40 Days
I've heard a lot recently about different 40-day things. One gentleman took 40 days to focus on recommitting to his marriage. Another person spent 40 days focusing on their prayer life. God brought to mind the 40 days of rain during the flood and the following renewal.
My life has been really crazy lately, going a lot of places and doing a lot of things. All worthy causes that I enjoyed helping out, mind you. But they took me away from home. Away from things that I need to be doing. I moved into my condo 11 months ago and I still have items that do not have a home other than the cardboard box they moved in. A whole dining room full of cardboard boxes. Yes, most of them came from a storage unit (otherwise known in the last two rentals as the garage) and haven't been touched in ages. But once in a while there is something that I need that I know is in one of those boxes and I have to go digging through them. My birth certificate is something that still hasn't surfaced.

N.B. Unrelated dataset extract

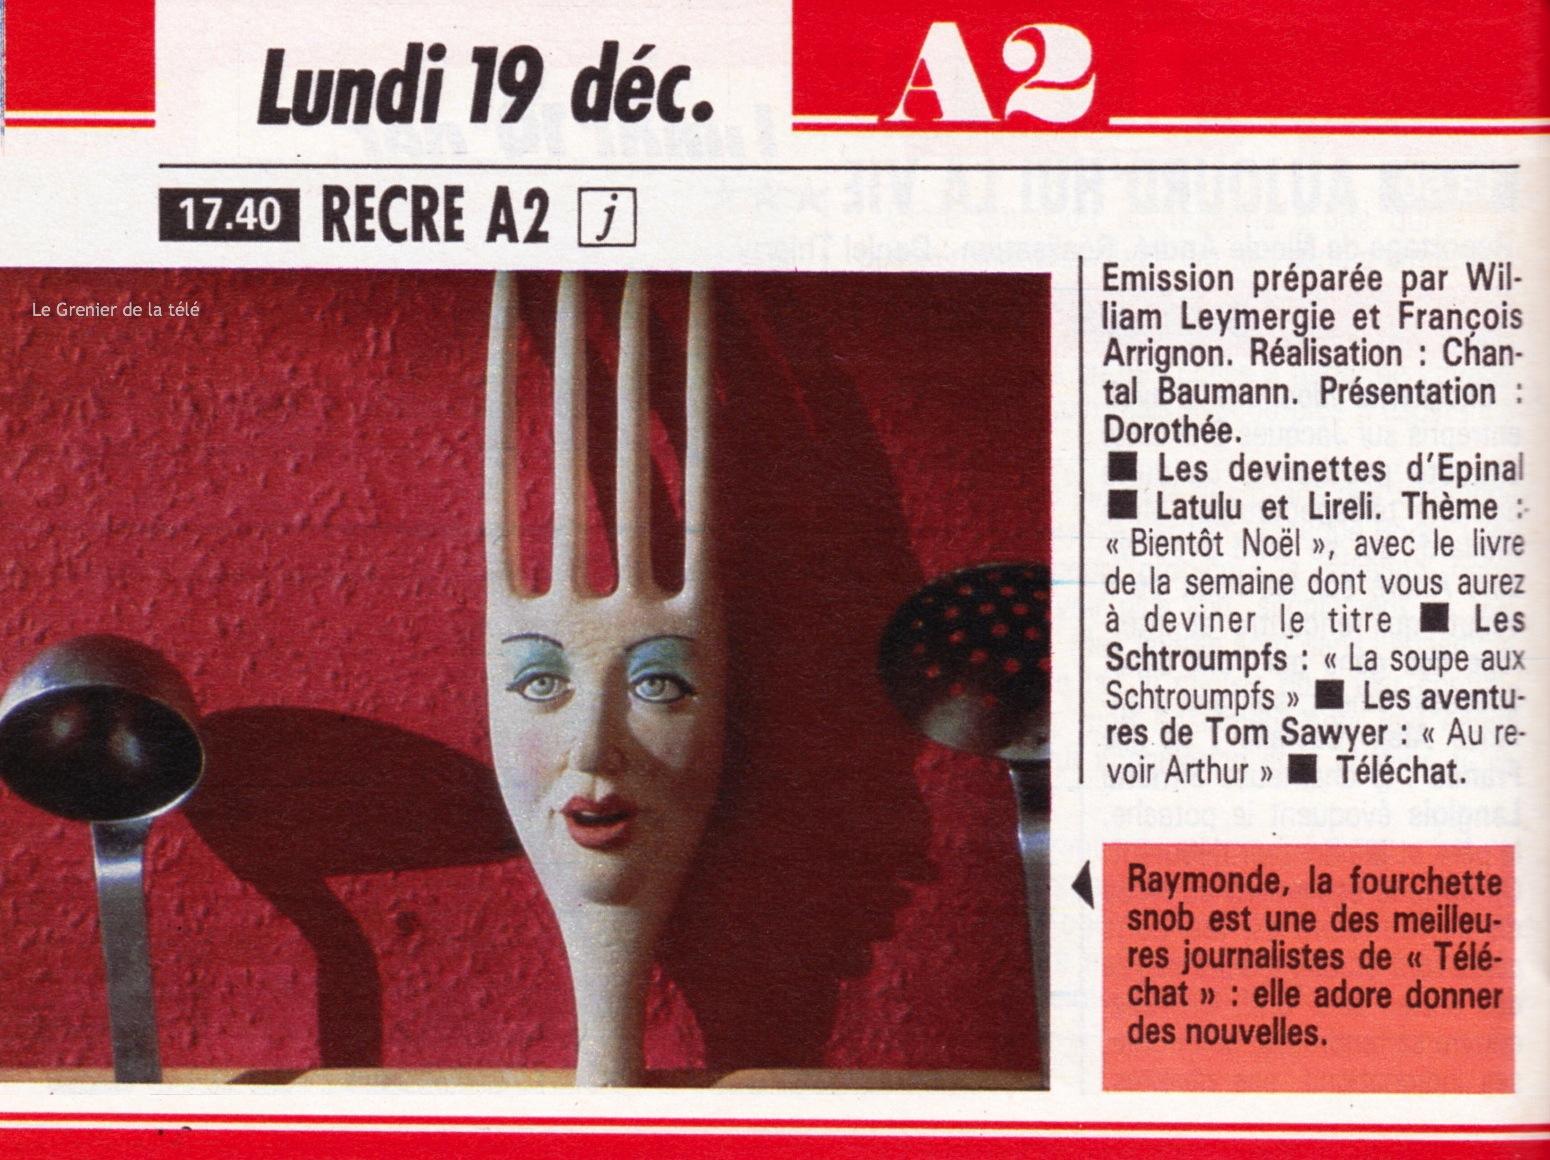 http://grenierdelatv.free.fr/recrea219decembre1983.jpg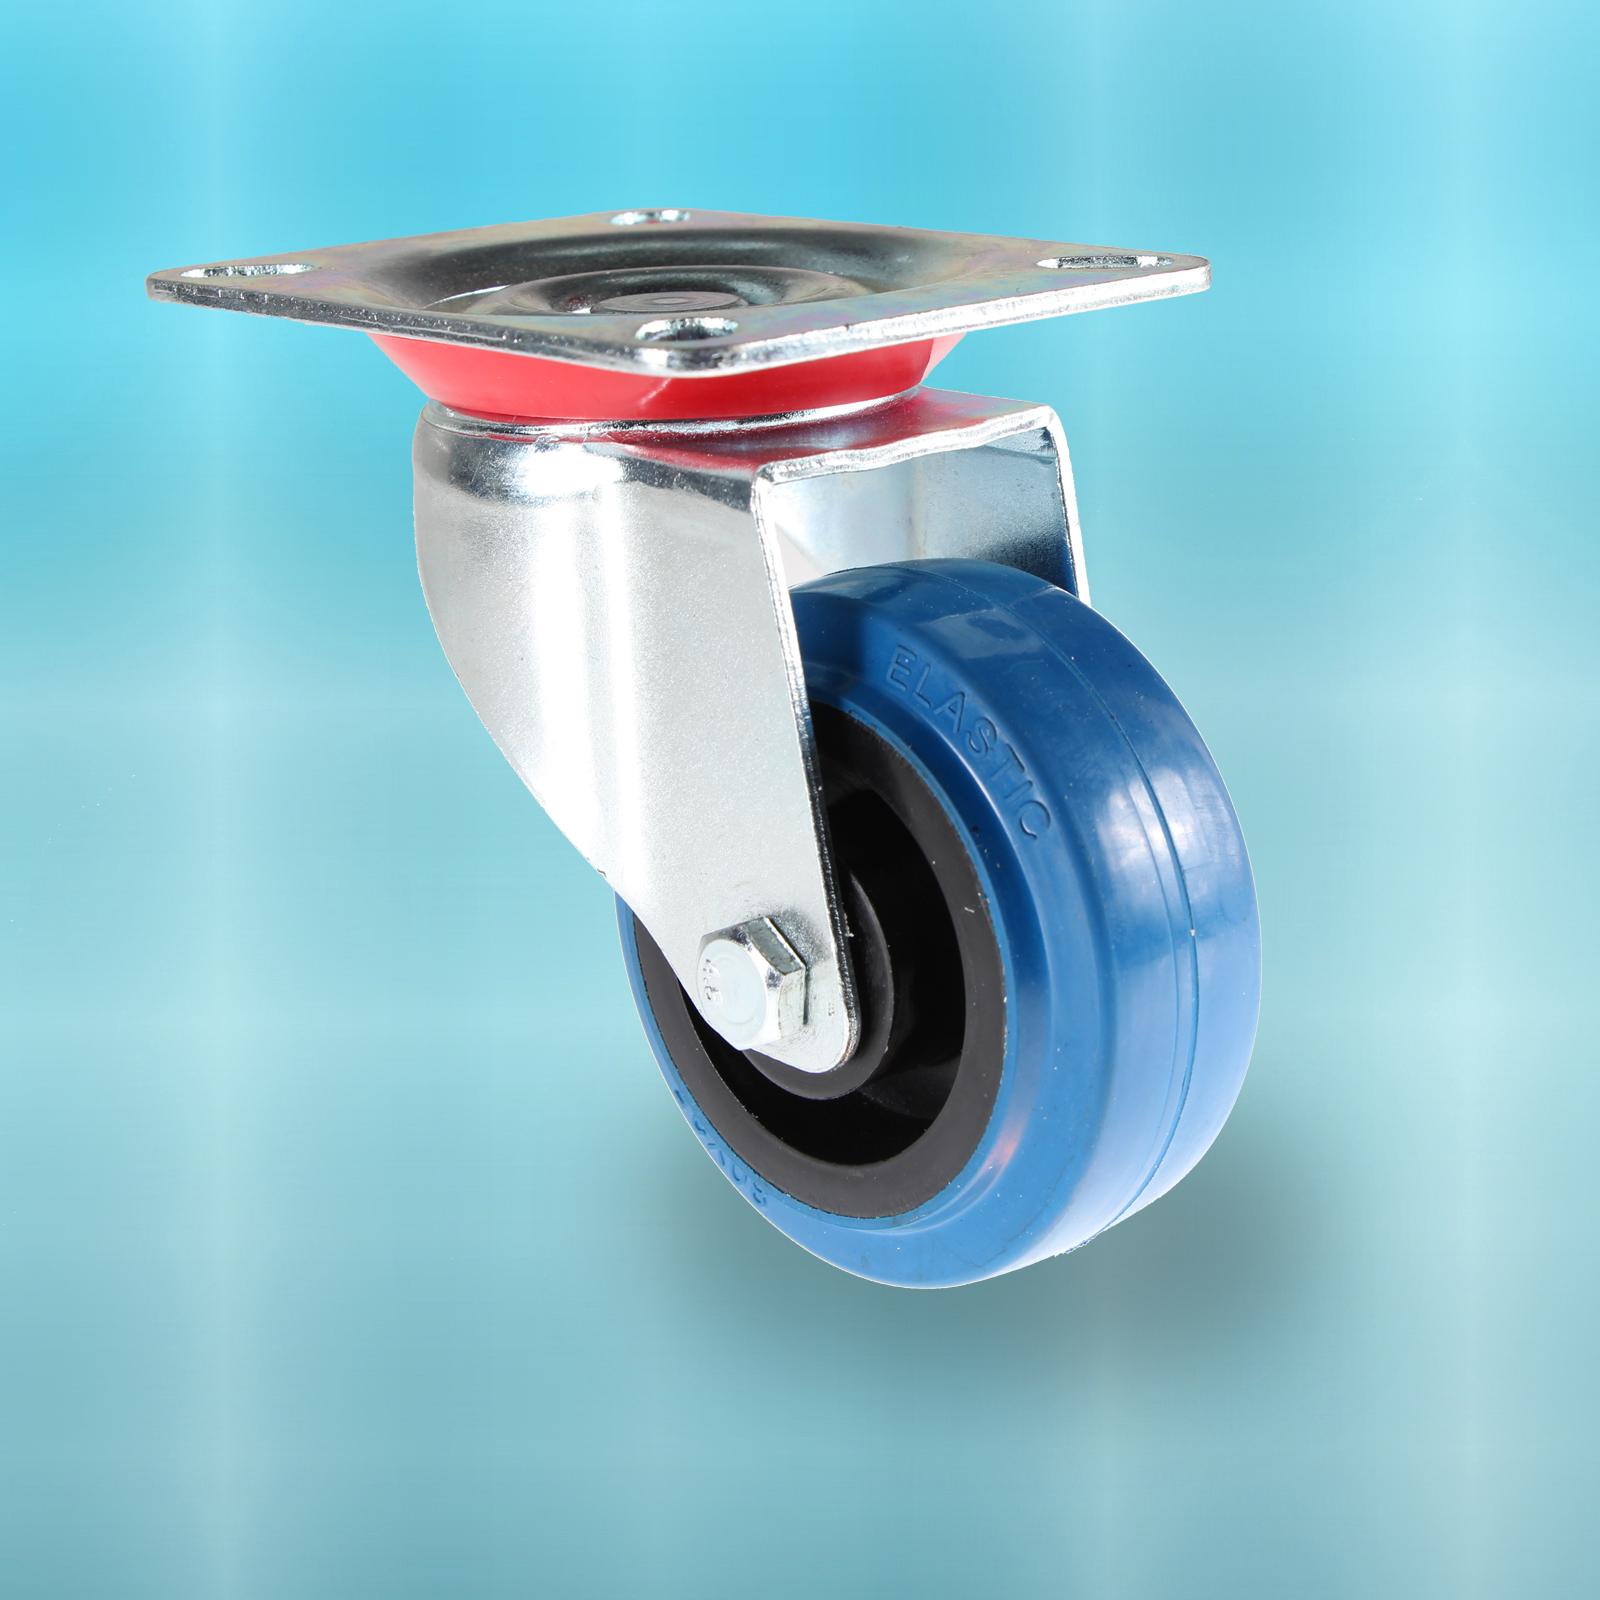 transportrollen blue wheel lenkrollen schwerlastrollen mit bremse 80 100 125 mm ebay. Black Bedroom Furniture Sets. Home Design Ideas

What honor am I bringing to God by putting myself out there and serving Him by helping others when I'm drowning myself? Not much. I long to be able to open my home and invite others in. To repay the hospitality served up by so many in my life. But I can't be Christlike and offer them a glass of water in my own kitchen because of it's condition.
So, I am taking my 40 days. I will not feel guilty for saying no, I can't help with that. I will establish routines. I will attempt to arrive at work at the same time every day. I will put routines into place so that when I do begin to help others again my home doesn't suffer. And I will make at least a small dent in the mountains of boxes I am living among so that maybe I can have a Christmas party at my house this year!